5.) A new revision is not being created, a valid uuid exists on the node and a valid rev uuid exists as well that needs to be saved to the database. (Basically, a programmatic update of the revision uuid).
6. Regardless of the revision situation, there is a uuid value on $node that does not match that in uuid_node (i.e., the caller is trying to change the uuid). uuid_node needs to be updated to the new value.

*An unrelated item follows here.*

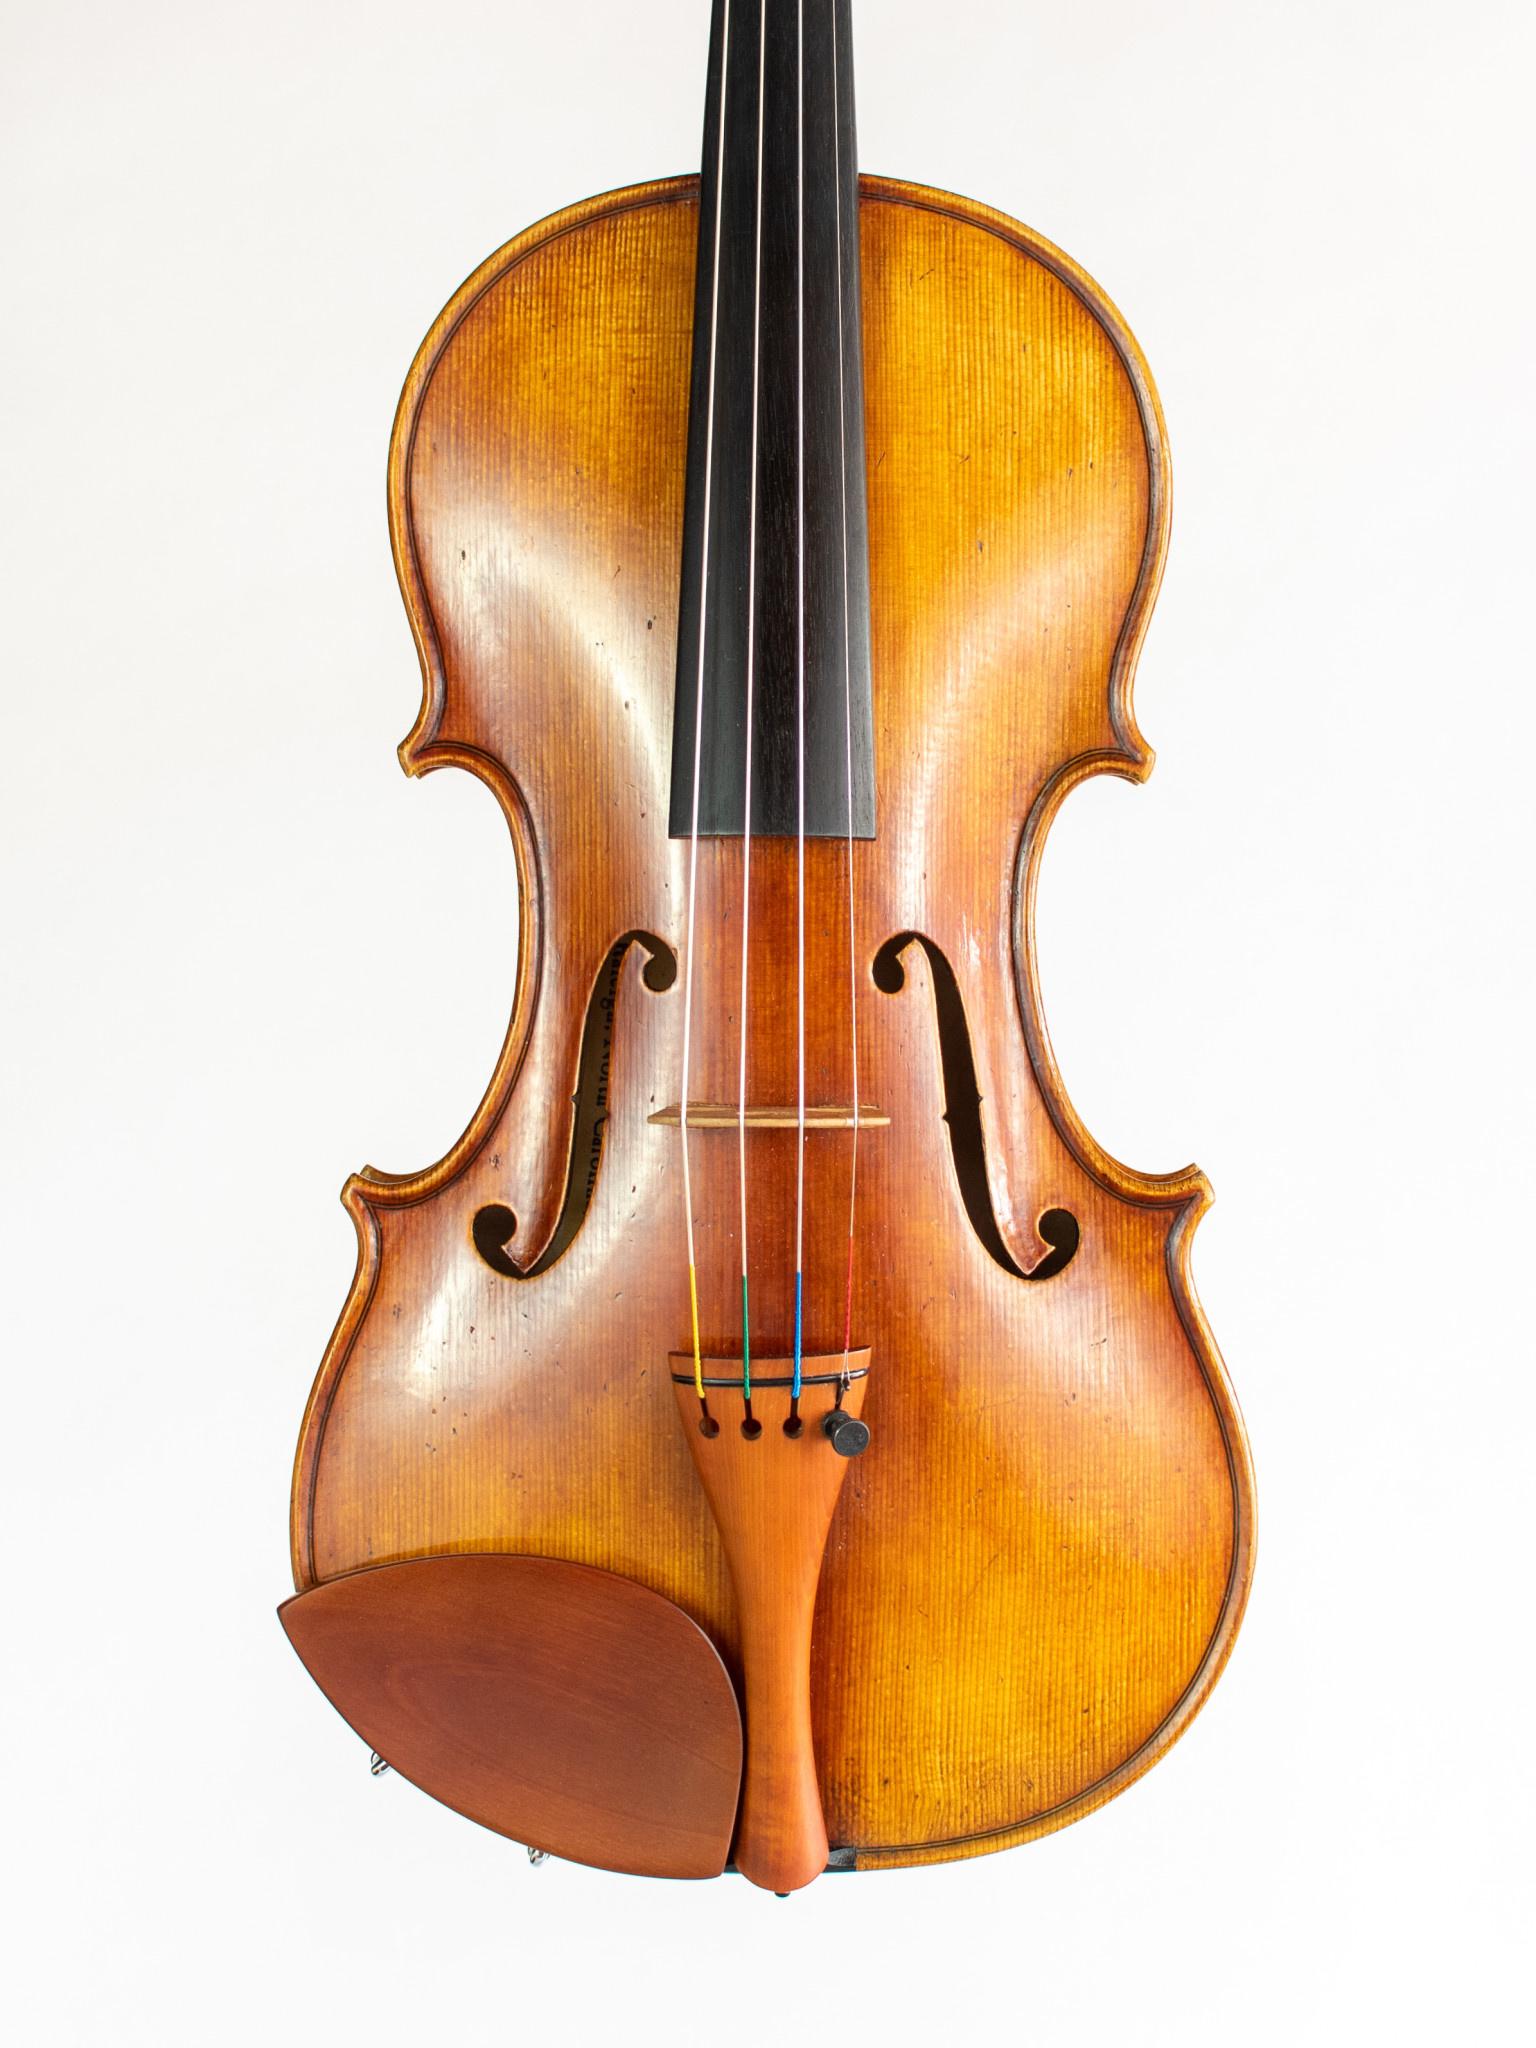 John Montgomery violin, 2014, Raleigh, North Carolina, USA

Tests are written for each of these as well. /me passes out
;)
Comment #74
q0rban commentedSee above ^^
Comment #75
ryan_courtnage commentedJust tried out this patch. With it, I can confirm that the "Duplicate entry" warnings are now gone ... everything seems to be working okay.
Comment #76
kndr#74 works good for me. Thanks!
Comment #77
apotek commented#74 is good for me to. Thanks also for working on the tests! We need this patch for a project we're working on so it would be great to get this committed asap.
Comment #78
q0rban commentedComment #79
btopro commented+1 for commit, going to merge this into a development stack right now since I get this about 200 times when I import a book structure with node_export... though I ran my import/export and I'm still getting the warnings after using the UUID dev as well as applying the monster patch from #74
Comment #80
btopro commentednever mind my previous comment. I did have to uninstall node export / UUID and then the import worked without all the error code
Comment #81
recidive commentedCrazy awesome patch committed!
Thank you guys!
Comment #82
ryan_courtnage commentedFYI - this patch had a bug. New issue & fix here: http://drupal.org/node/1065364
Comment #83
fxmasa commentedyes, thanks! it is ok!
Comment #85
roball commentedToo bad that this fix is still not available in an official release. I am using 6.x-1.0-beta2 and get hundreds of these errors in the dblog.